Il regista vorrebbe che lo spettatore si facesse una mappa sua di quel che accade nel film, come e perché. Capirete che così, se gli spettatori sono mille, ci sono mille possibili Strade perdute. E non è detto che a rivederlo si abbia la stessa impressione della prima volta, quindi le potenzialità di narrazione del film diventano esponenziali. Persino le immagini, che dovrebbero rappresentare una verità (ai tempi di Gilles Deleuze e di chi parlava come lui si sarebbe detto “ontologica”, ma lasciamo perdere), sono esse stesse mutanti al cambiare dell’interpretazione. Non è un gioco: è il cinema secondo David Lynch, teorizzato dalla risposta di Fred alla domanda della polizia: «Non ha telecamere a circuito chiuso che possano aver rirpreso l’uomo misterioso?», «No, preferisco ricordare le cose a modo mio... non necessariamente come sono avvenute». Stupefacente. E funziona. Io non vedevo Strade perdute da vent’anni.
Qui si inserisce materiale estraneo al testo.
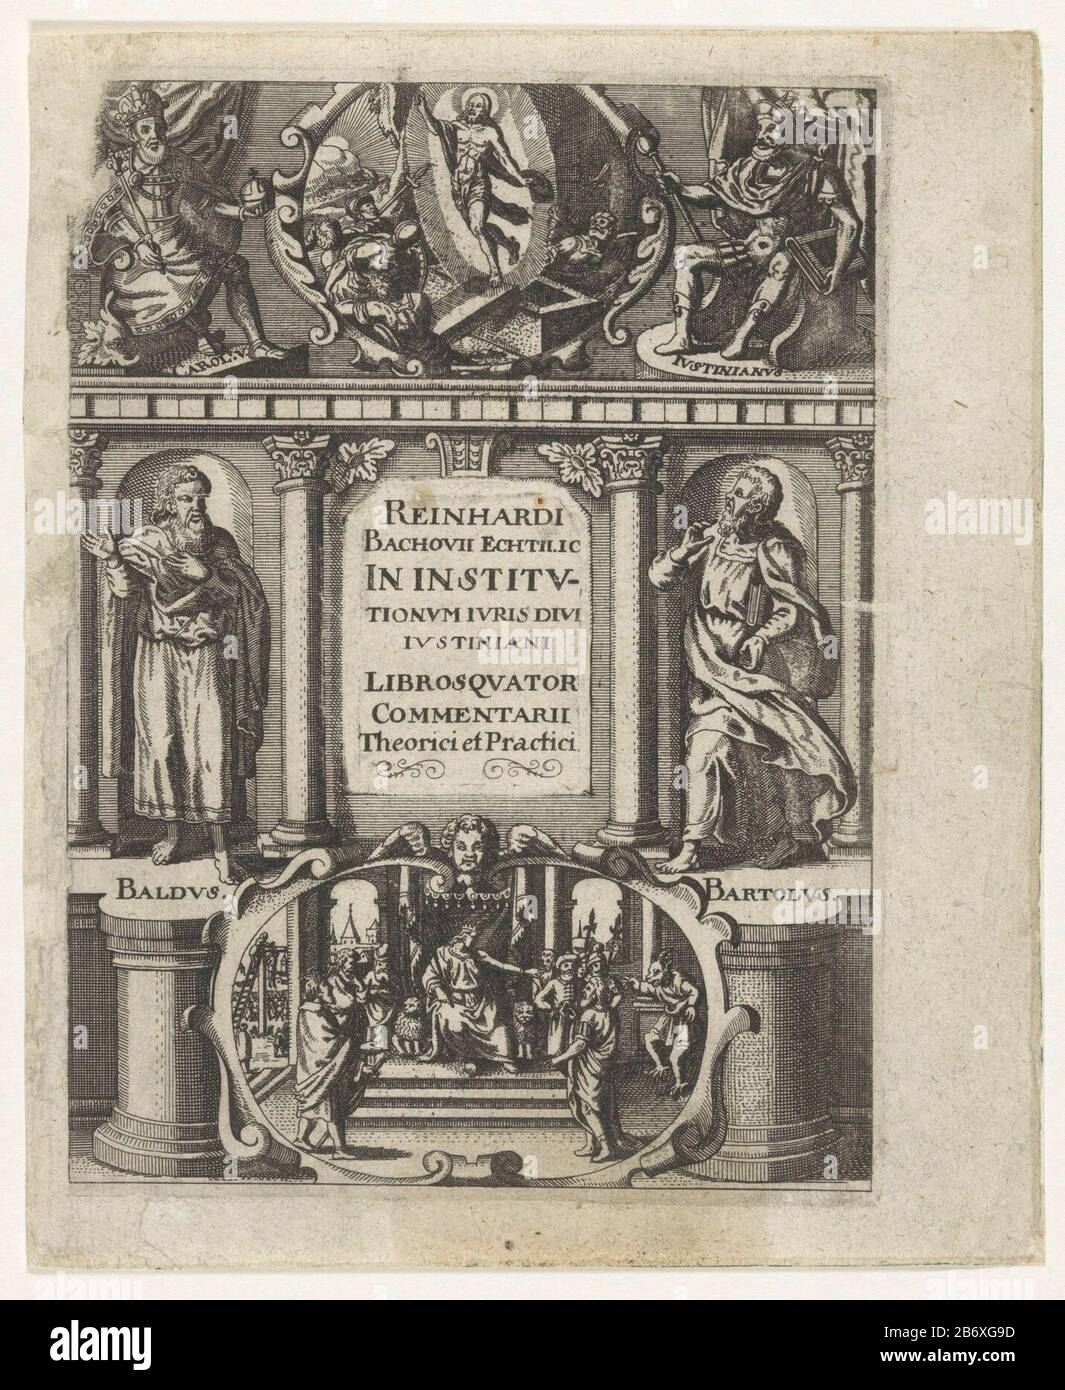 Juristen Baldus en Bartolus en keizers Karel V en Justinianus Titelpagina voor Reiner Bachoff von Echt, In institutionum iuris divi Iustiniani Libros Quator, 1643 Juristen Baldus the Ubaldis and Bartolus the Saxoferrato standing in niches flanking a tablet with title. At the top, seating the enthroned Emperor Charles V and Justinian on both sides of a cartridge with the resurrection of Christ from the grave. On the underside a cartouche with figures around a ruler on a troon. Manufacturer : print maker: anonymous publisher: Johann Godfrey Schönwetter (possible) Place manufacture: Frankfurt Dat Stock Photo

Bill Pullman, Patricia Arquette
Strade perdute (1997) Bill Pullman, Patricia Arquette

L’ho ripreso in mano (rigorosamente in VHS perché pure il nastro magnetico è diegetico, e il film analogico), rivisto per scrivere questo testo e mi sono accorto di avere per due decenni ricordato un’altra cosa. Non necessariamente una storia diversa. Eppure persino attori che (ri)conosco da una vita (Robert Blake, Robert Loggia) mi sono apparsi trasfigurati, altri da sé. Unica certezza ora come allora Patricia Arquette. Però: avrei giurato che anche lei fosse travolta in una dialettica di “doppi” e invece a un certo punto dalla foto d’epoca uno dei suoi due “io” scompare. Per capirci: l’opposto di quel che capita a Jack Nicholson nell’immagine datata 1921 alla fine di Shining. Per Strade perdute si è coniata una definizione interessante: neo noir. Il filone postmoderno (ma qualcuno ha azzardato un terrificante “post freudiano”) che estremizza il noir, devo dire in controtendenza rispetto al neo-polar francese che invece ha un connotato politico (e il cui riferimento numero uno è letterario: Jean-Patrick Manchette). Il neo noir lynchiano lavora sull’estetica e sullo sguardo/inconscio dello spettatore, ponendo al centro dello schermo una cosa capace di dialogare in modo maieutico. Alla fine dall’esperienza di Strade perdute si esce trasformati come Fred. La colonna sonora eccezionale meriterebbe uno scritto a parte, e va considerata come corpo autonomo, pure questo mutante, rispetto al film.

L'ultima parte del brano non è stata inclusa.